**Material for the task**
^^^^^^^^
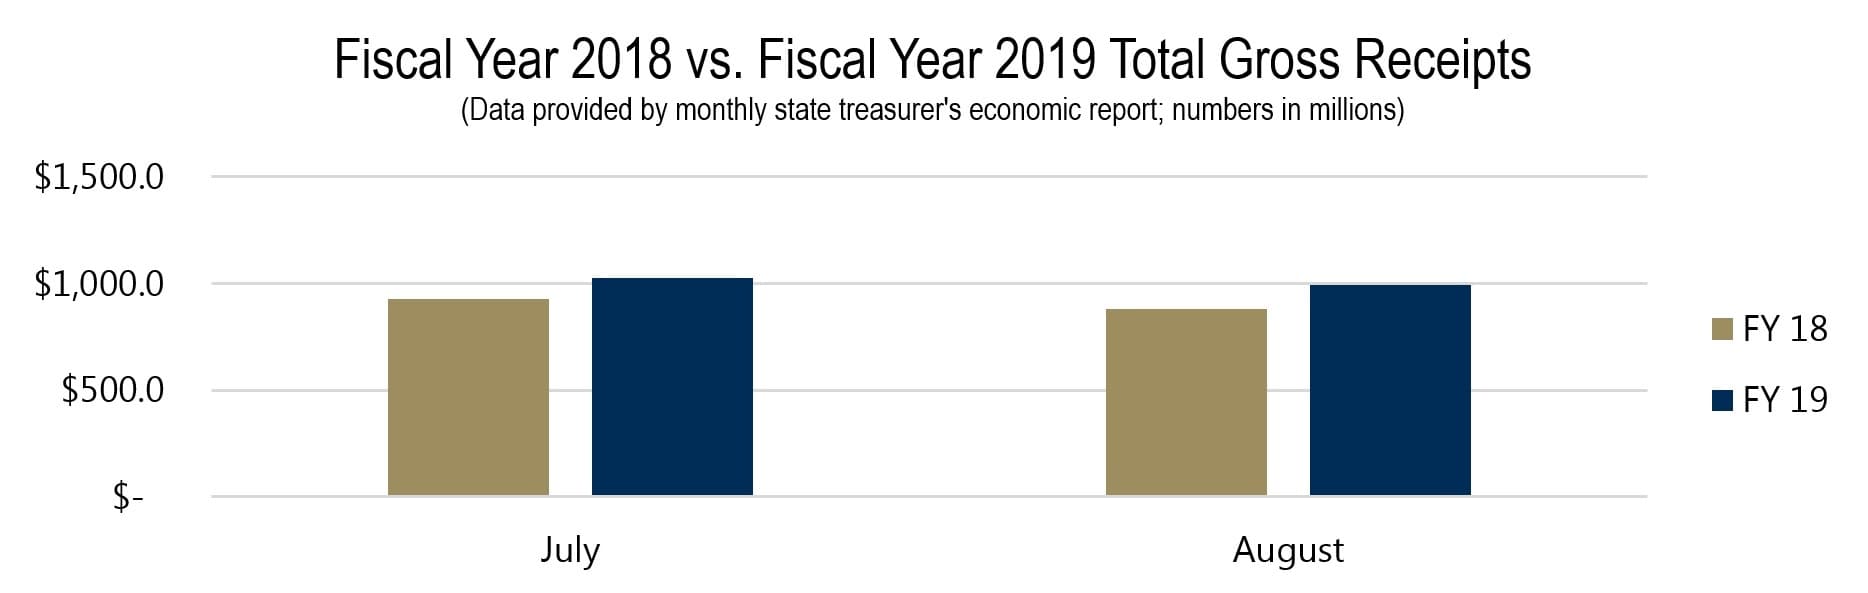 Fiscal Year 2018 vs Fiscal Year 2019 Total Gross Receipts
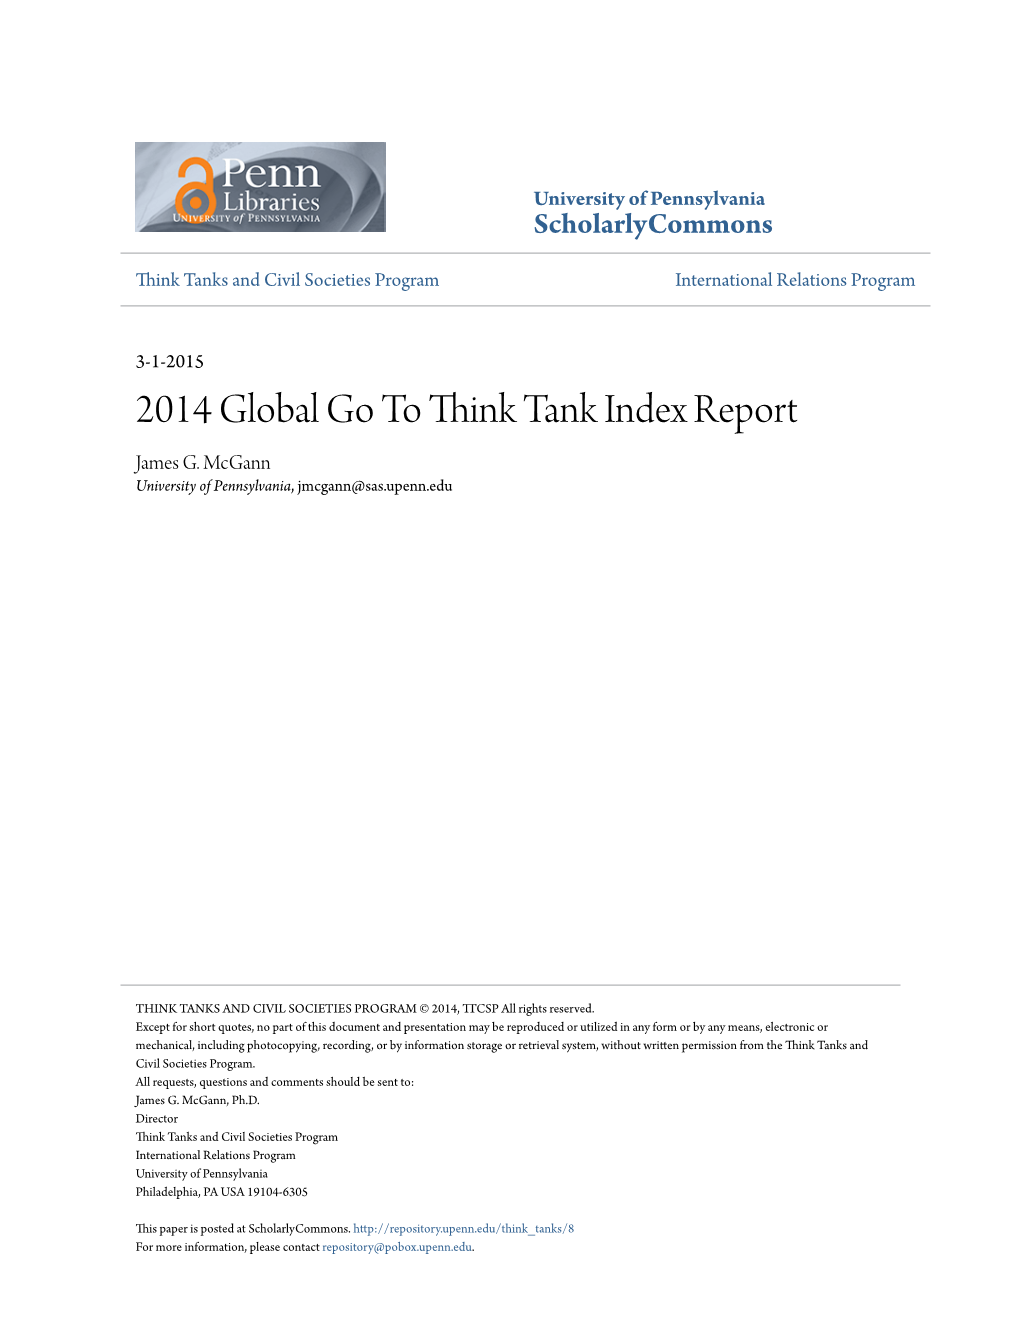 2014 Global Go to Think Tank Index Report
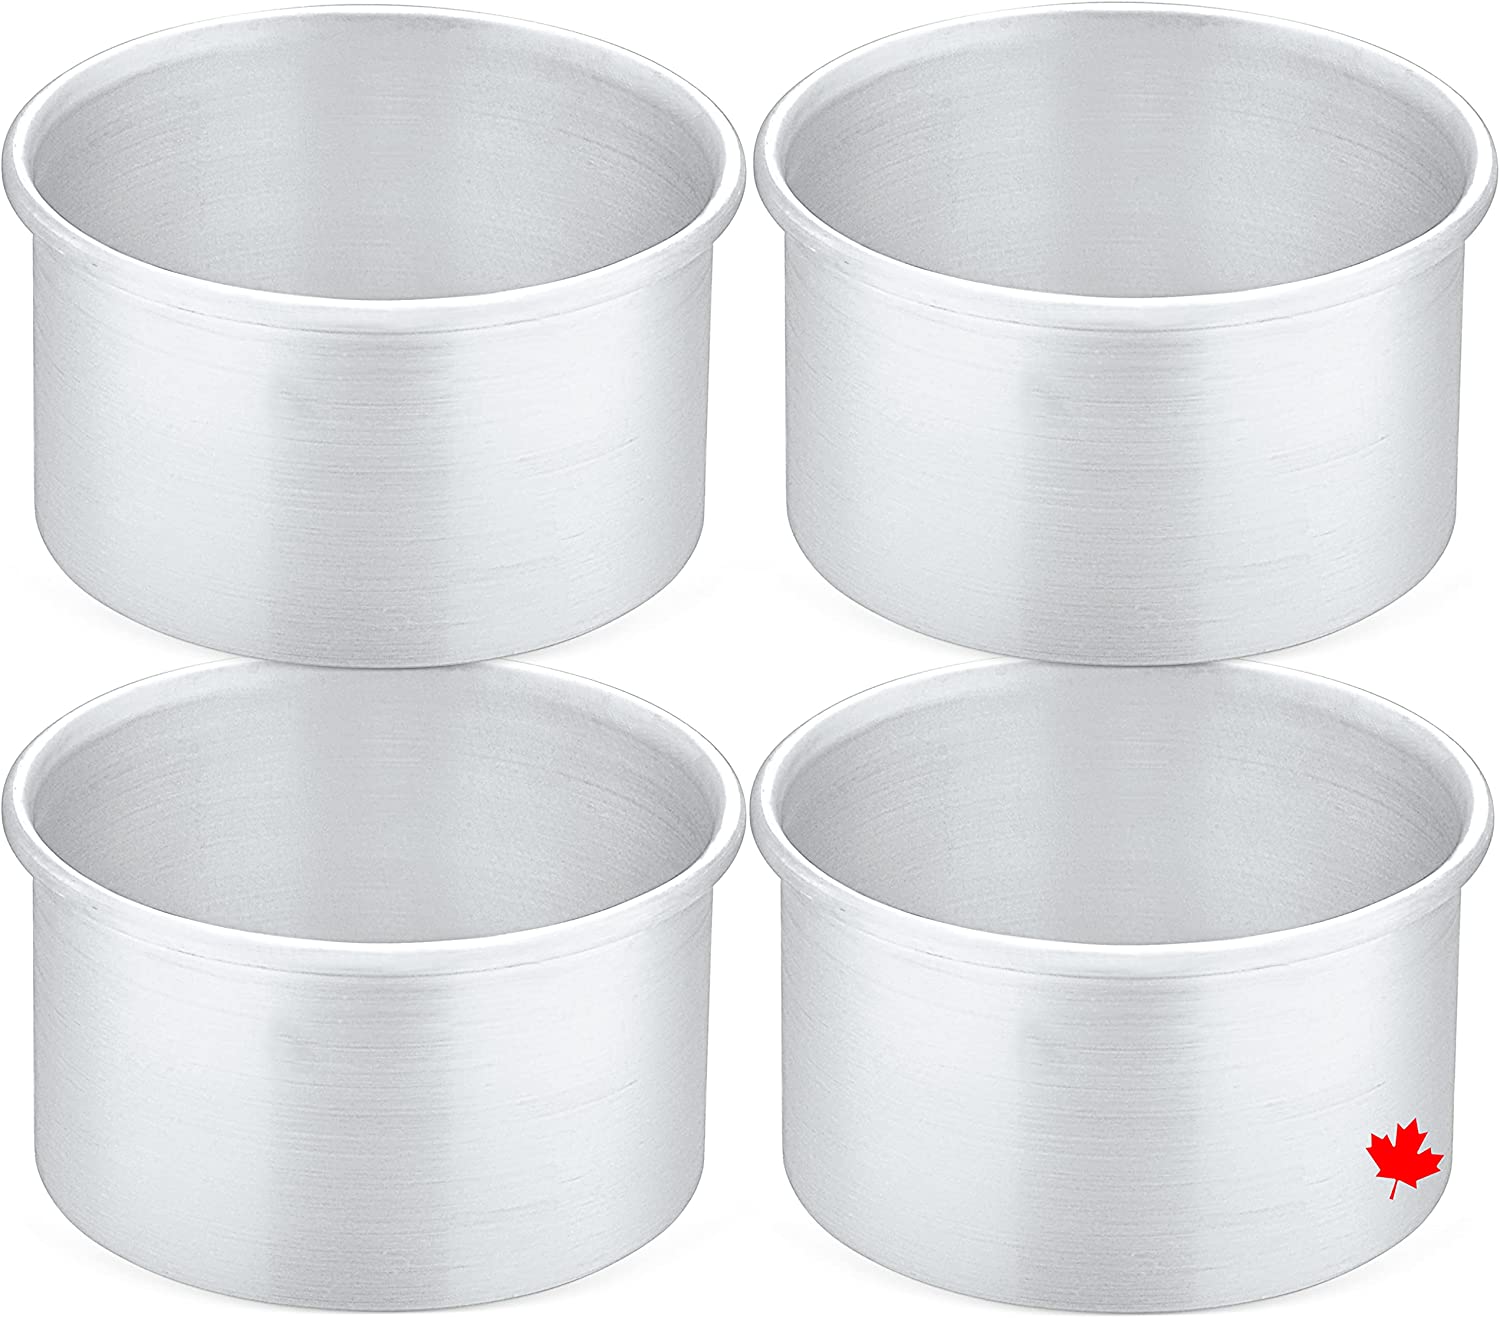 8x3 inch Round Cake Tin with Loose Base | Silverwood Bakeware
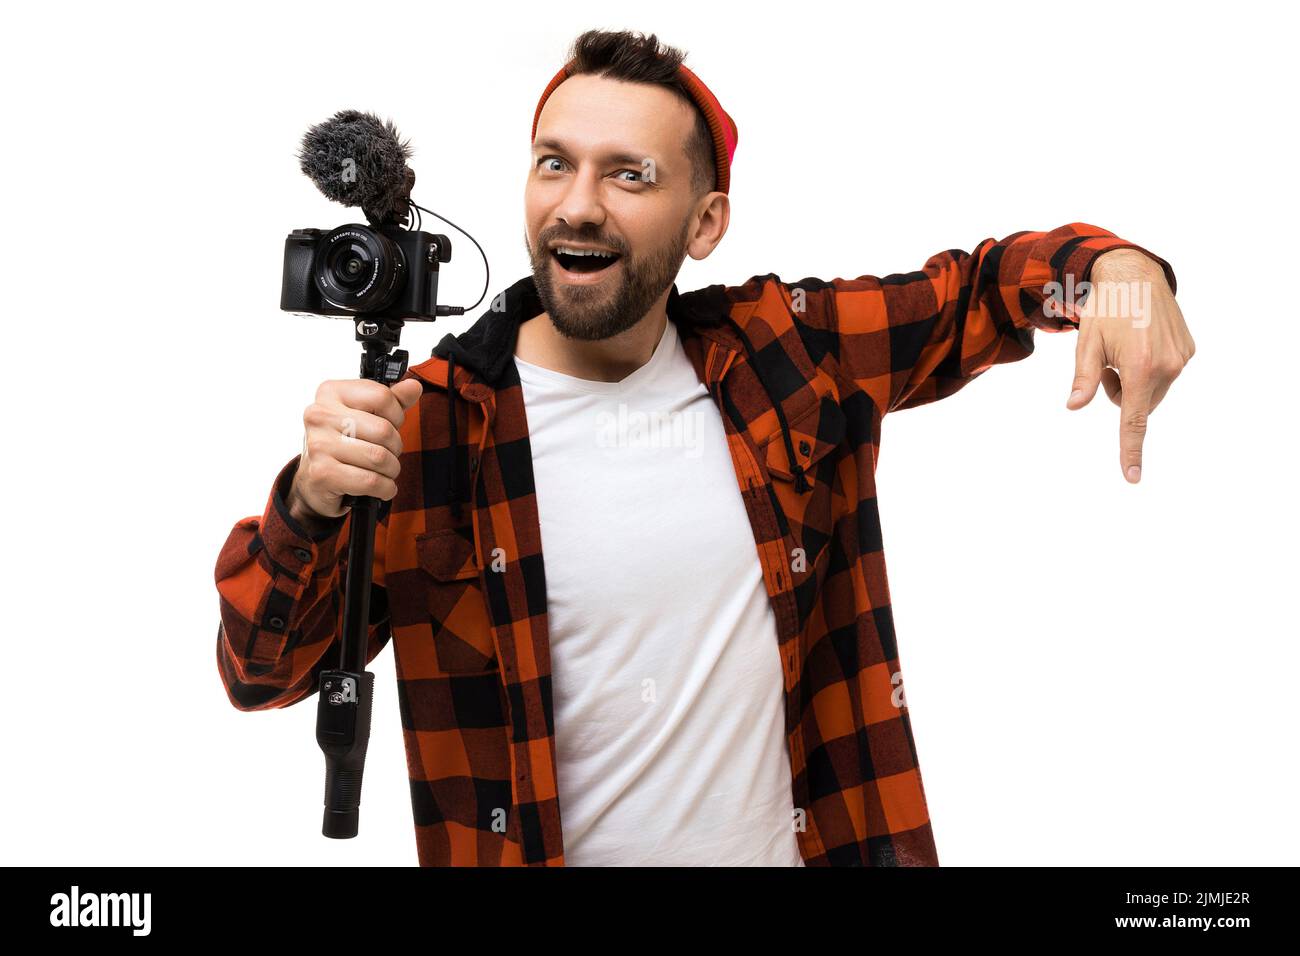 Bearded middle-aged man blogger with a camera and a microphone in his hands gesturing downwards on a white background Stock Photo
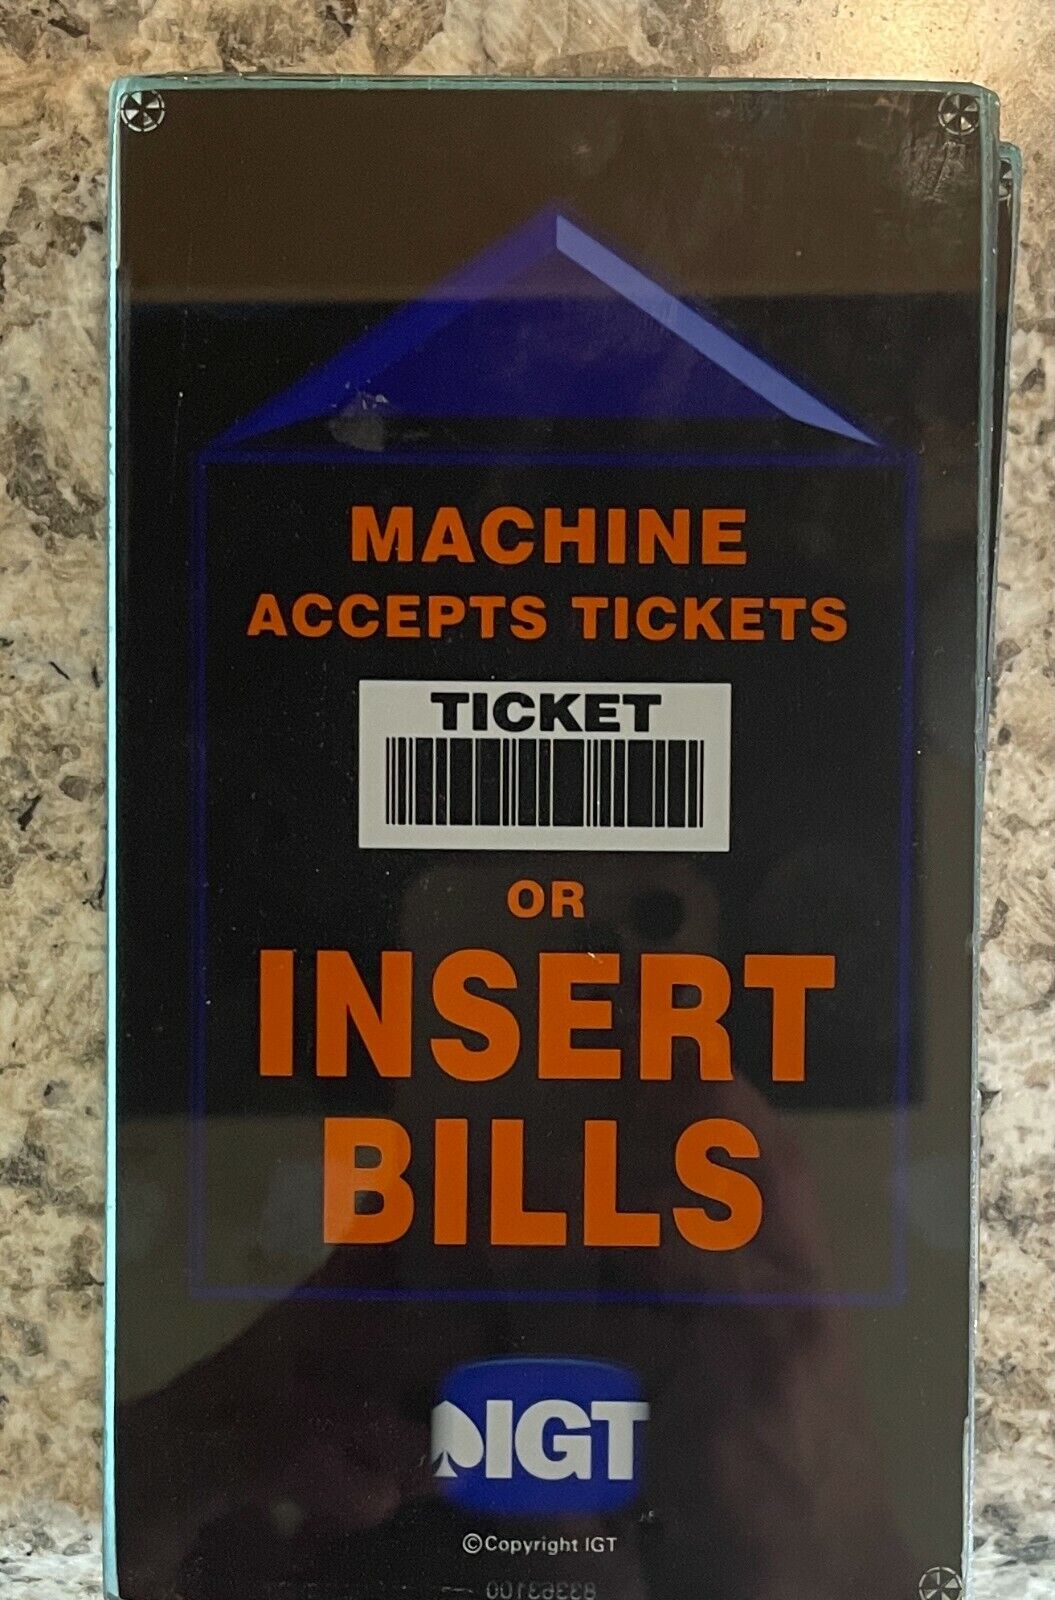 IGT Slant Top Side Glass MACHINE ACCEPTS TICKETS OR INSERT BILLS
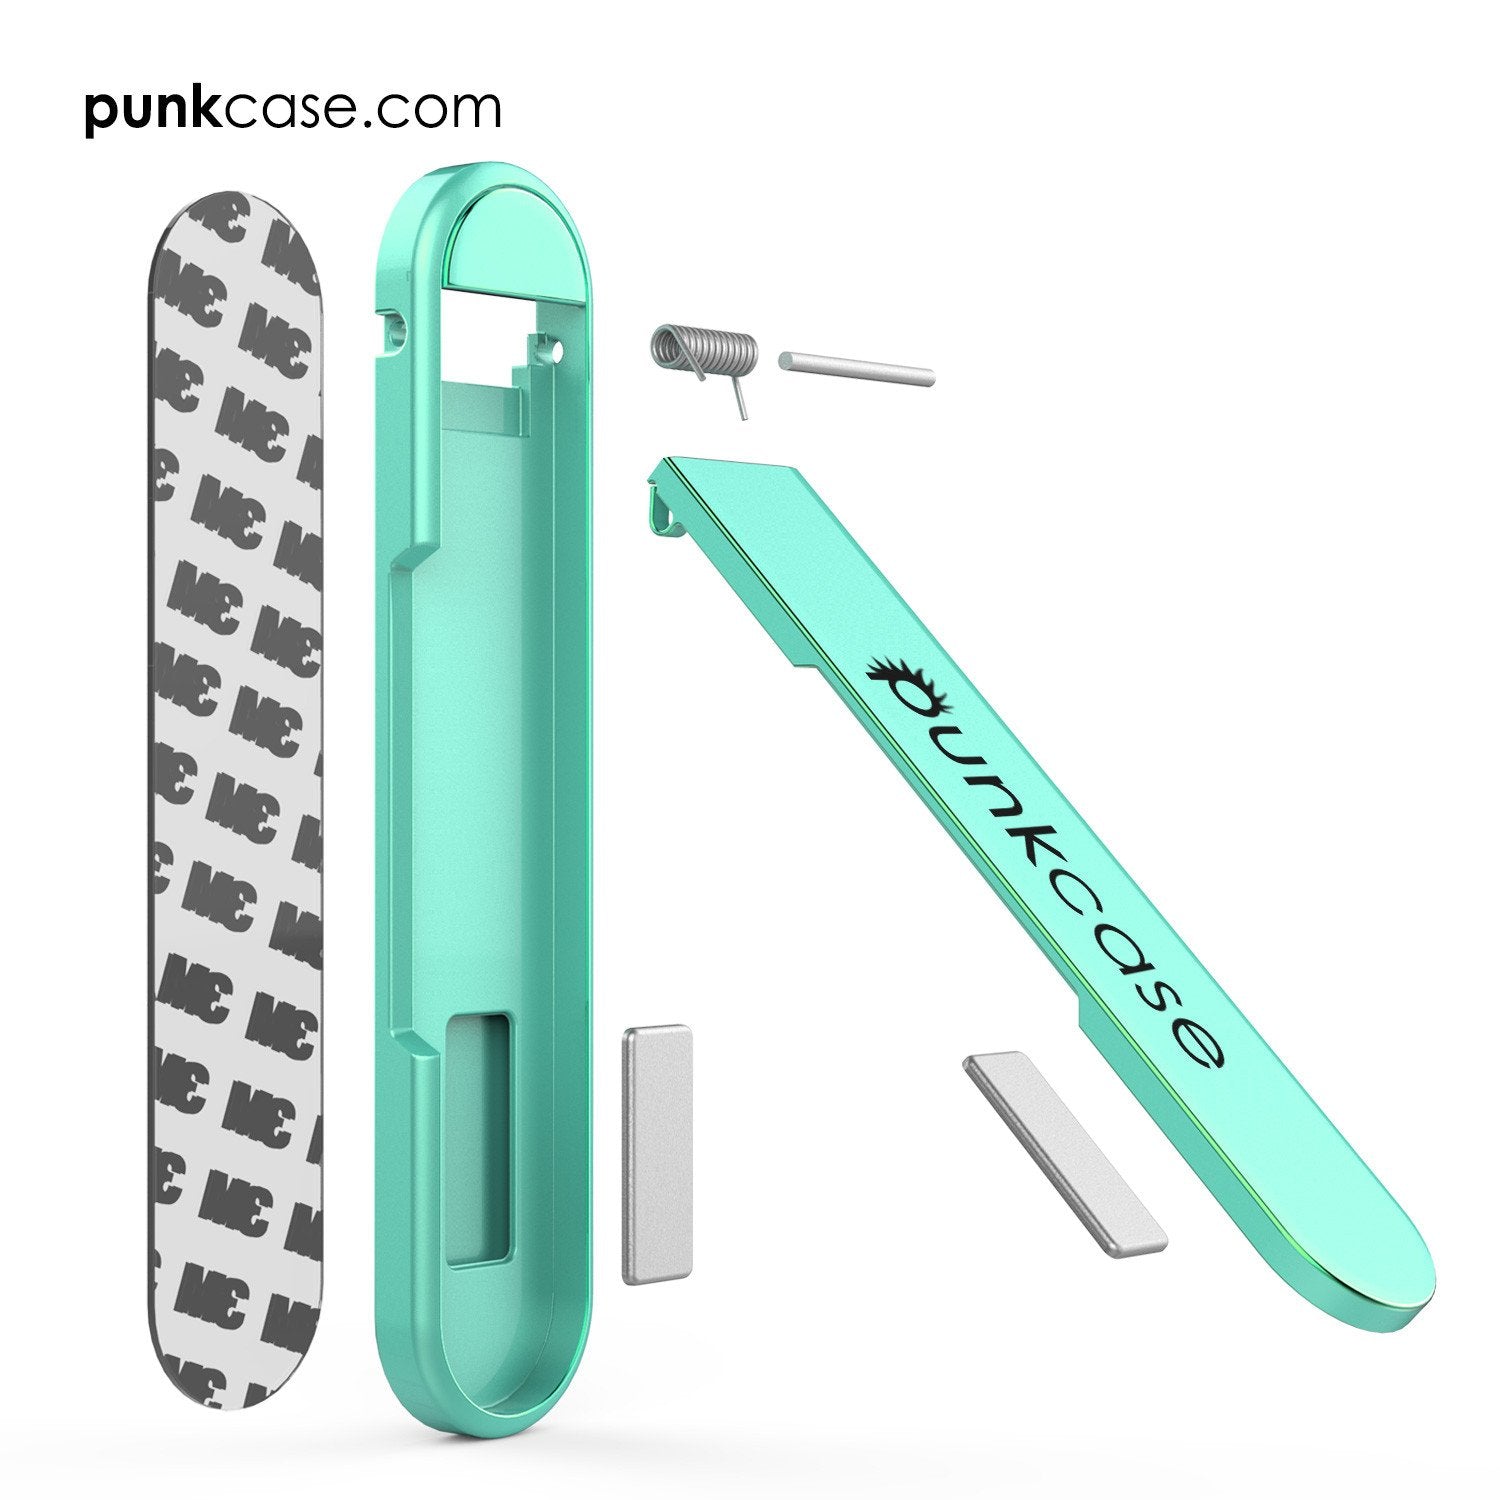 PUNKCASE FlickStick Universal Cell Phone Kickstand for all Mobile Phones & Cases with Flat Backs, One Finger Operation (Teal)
^^^^^^^^
**Problem description**
Repeat the line that contains "IGT Slant Top" and each line after it, through the last line of the listing, exactly and alone; pictures stay out of the repeat.

**Solution to this exercise**
 IGT Slant Top Side Glass MACHINE ACCEPTS TICKETS OR INSERT BILLS
 PUNKCASE FlickStick Universal Cell Phone Kickstand for all Mobile Phones & Cases with Flat Backs, One Finger Operation (Teal)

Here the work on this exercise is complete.